Maybe it’s just the language used to describe the idea, but I want to dispel the belief
that our lives can be compartmentalized into “work” and “life.” Work IS a part of our
“life.”
I recognize the intentions behind work-life balance are good. I believe the intention is to know how to best balance your professional desires and responsibilities with your personal ones. This is good. I agree 100% that this is important for a better quality of life overall.
However, I think this attempt at “balance” has led us to a compartmentalization of the self, where we see ourselves differently in one space than the other and we fool ourselves into thinking that one area of our life doesn’t affect the other.
This often leads to internal discord, a separation from our values, and an ultimate sense of dissatisfaction in either our professional life or our personal life.
So what do we do?
First, can we re-work the phrase “work-life balance” to work-life and personal-life balance?
I think the phrase “work-life balance” is indicative of the concern I’m raising. We view our lives outside of our work as our REAL life, as opposed to being a part of our life.
Don't compartmentalize, strike a balance. In preparing to write this blog I chatted with quite a few people to get their thoughts on the idea. I noticed there is a continuum of where we tend to put more focus and energy when it comes to the personal and professional parts of our lives. Some of us see work as the sole part of our identity and some see work as “just something I have to do to put food on the table.” Something that’s purely transactional.

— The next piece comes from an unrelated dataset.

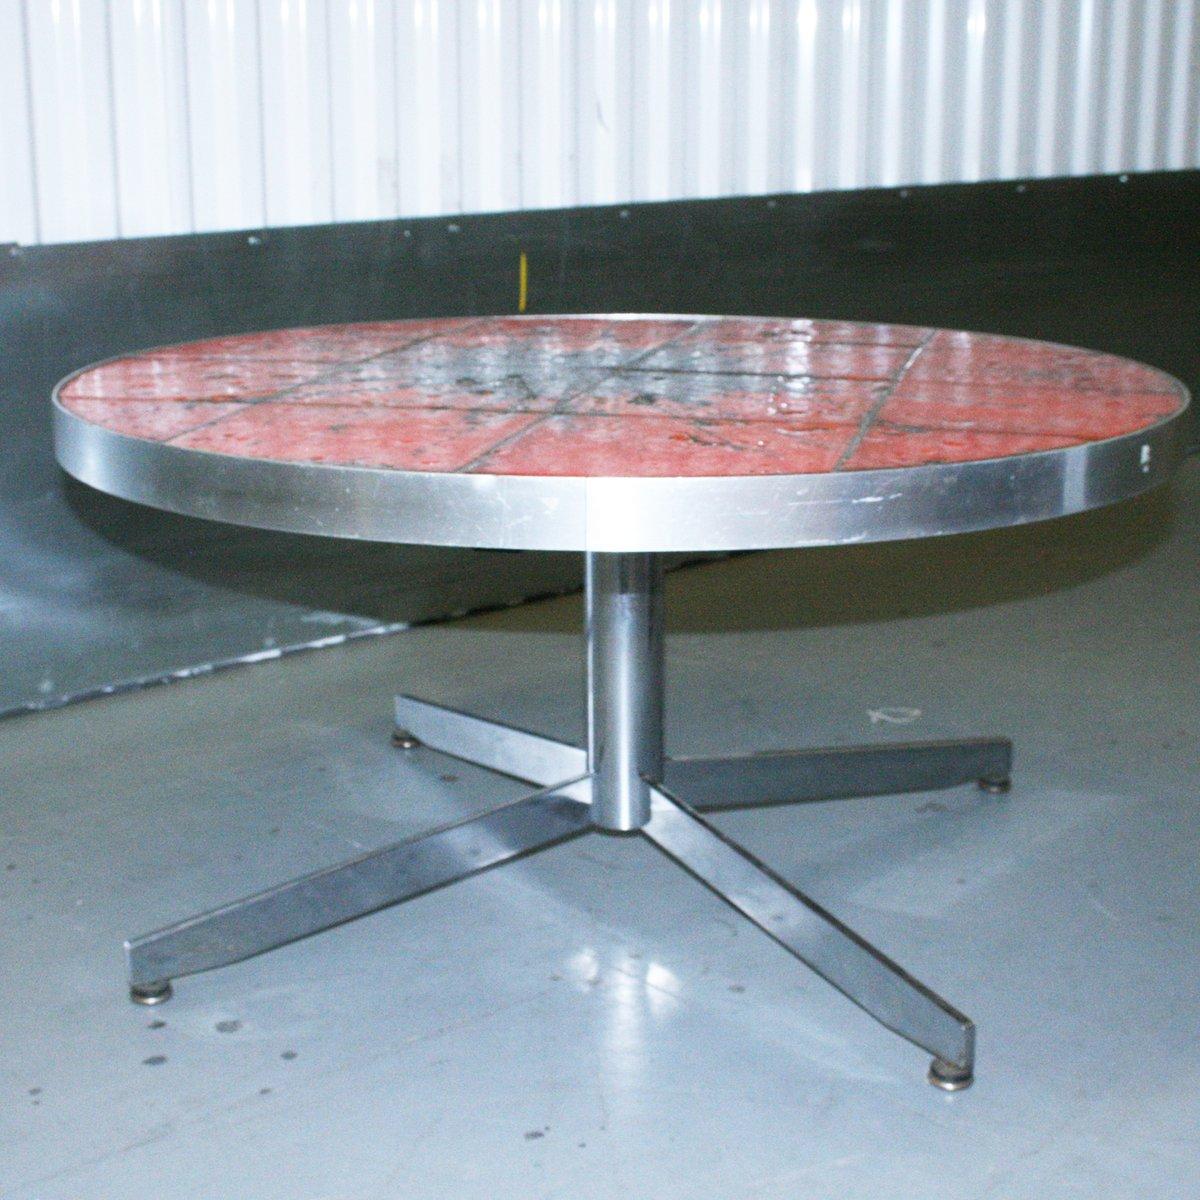 table basse avec plateau en c ramique danemark 1960s en vente sur pamono. Black Bedroom Furniture Sets. Home Design Ideas

Instead of being on one side or the other, find a balance. Integrate your personal values into your work- you’re going to find a lot more fulfillment in what you do this way! And, don’t put so much value into your work success that any setbacks in the workplace create a big hit to your self-worth. You are more than what you do.

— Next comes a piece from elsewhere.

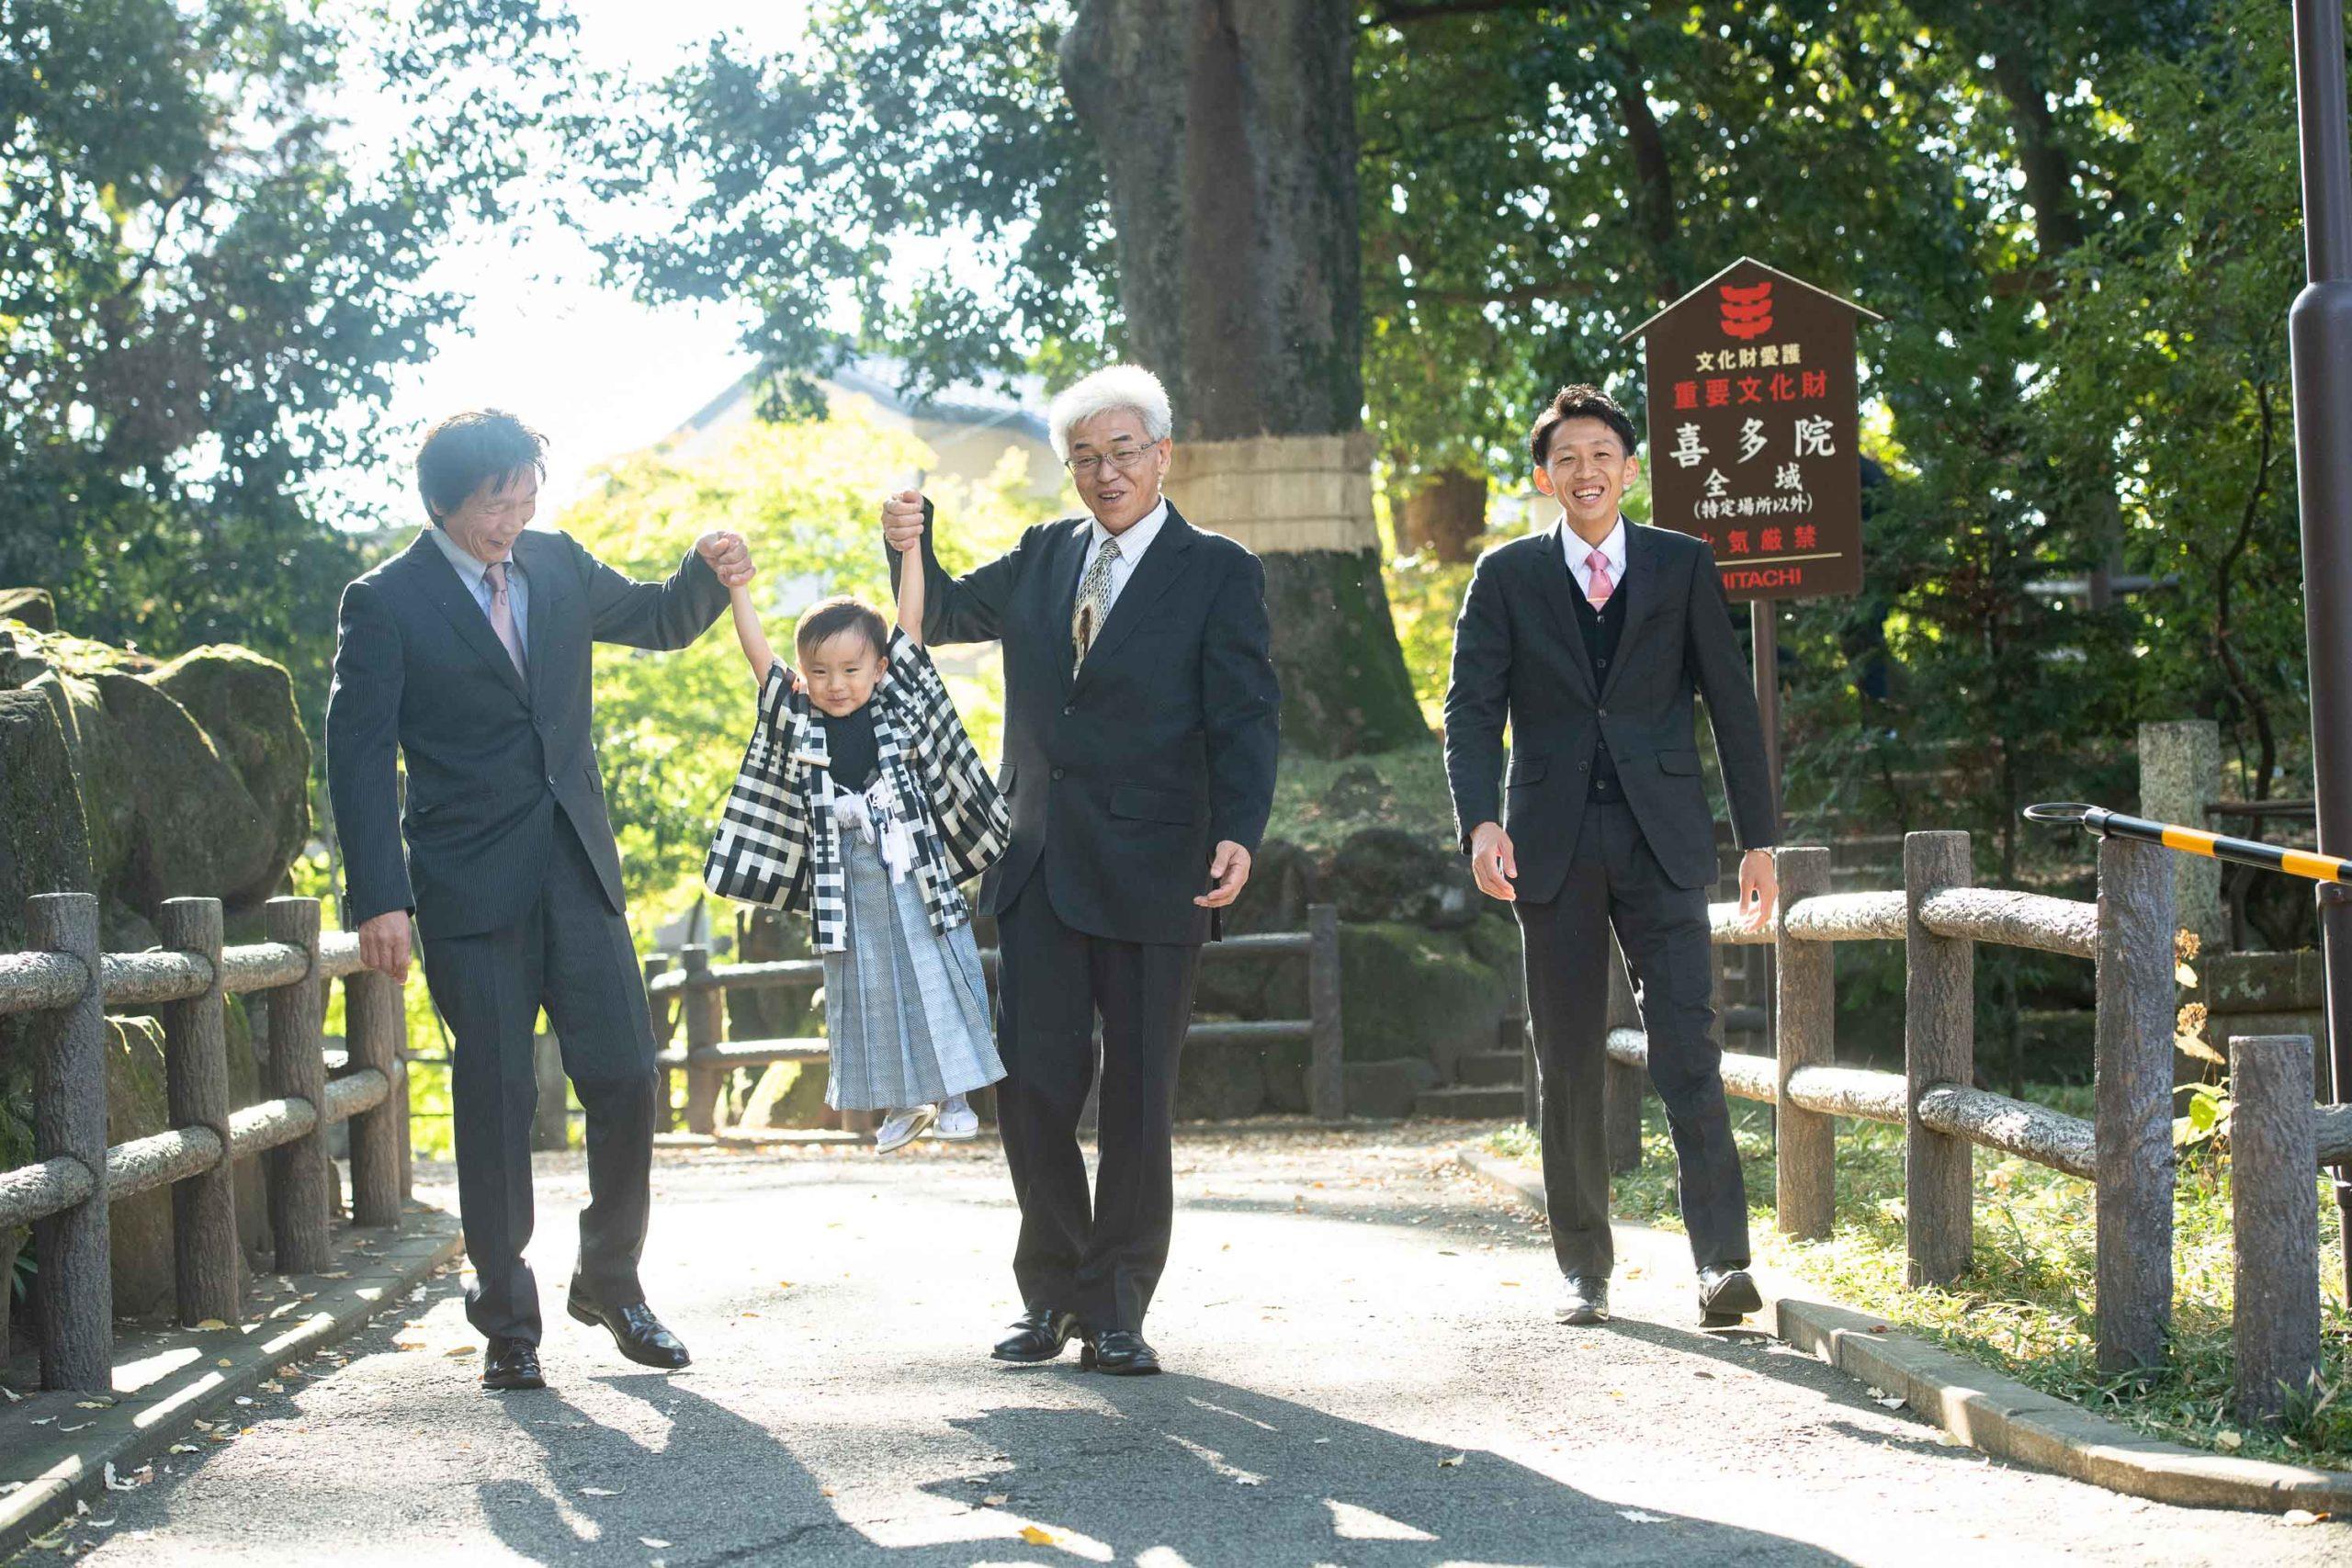 二人の男性に持ち上げられる着物姿の男の子と横に歩く男性

Create boundaries, we don’t want to be showing up at work fuming all day about the argument we had with our spouse this morning, nor do we want to be taking away time to connect with friends and family by checking work emails when we’re with them.

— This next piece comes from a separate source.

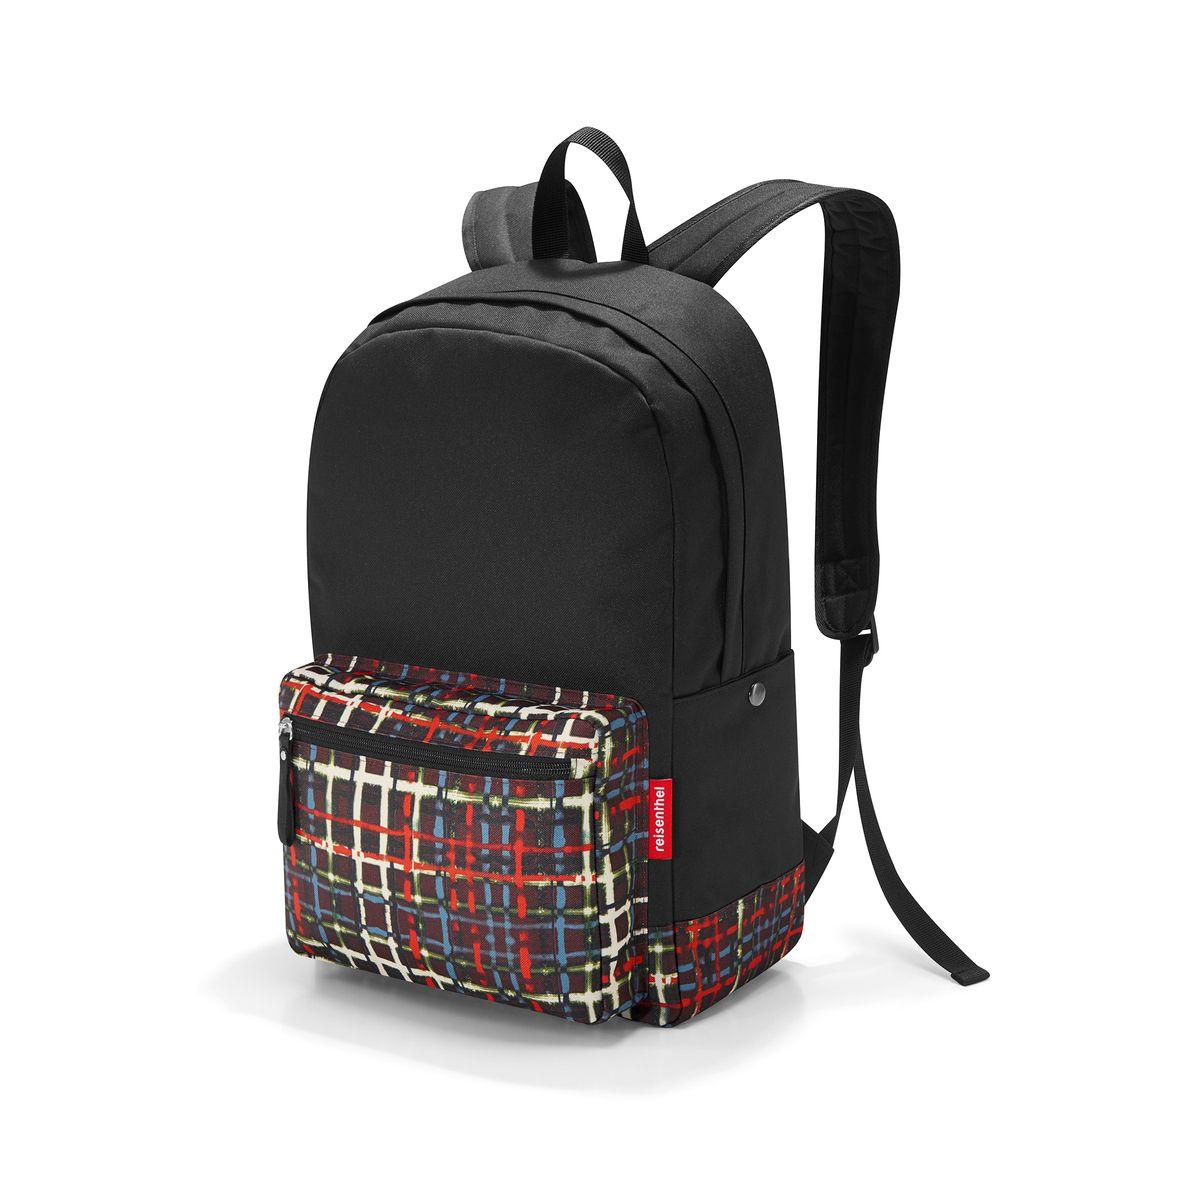 Рюкзак Reisenthel, цвет: черный, мультицвет. TA7036TA7036Практичный рюкзак Reisenthel выполнен из полиэстера и оформлен ярким принтом. Изделие содержит одно вместительное отделение, которое закрывается на застежку-молнию. Внутри расположен накладной карман и врезной карман на молнии. Снаружи, на лицевой стороне рюкзака, расположен накладной карман на молнии. По бокам изделия расположены два дополнительных накладных кармана, которые закрываются на кнопки. Рюкзак дополнен петлей для подвешивания и двумя широкими лямками, длина которых регулируется при помощи пряжек. Стильный рюкзак Reisenthel вместит в себя все необходимое и прекрасно дополнит ваш образ.

AND, don’t go full Severance mode with the boundaries. Acknowledge that you are upset about the argument with your spouse and come up with a plan to address it later. Don’t just shove it under the rug. Be mindful of how that emotion may impact how you show up at work that day and determine what you want to do about it. When it comes to the work emails at home, determine if it’s important to address it at that moment, or if it can wait until the next day when you are at work. Process it, and release it if possible. If not, do what you need to do, then release it.
When we lack an understanding that all of this is holistic, the disconnect between "work" and "life" we try to create causes problems. We may feel unmotivated, distracted, like a “cog” in the wheel, dissatisfied, like we don’t have control over who we are and where we’re going, you name it! Moreover, when we separate "work" and "life" we don't show up in the fullness of who we are and what we have to offer- at work, or in our personal life.
So let’s kick the idea that we have to separate ourselves into a work self and home self,
and instead find a healthy balance, not separation, of the two.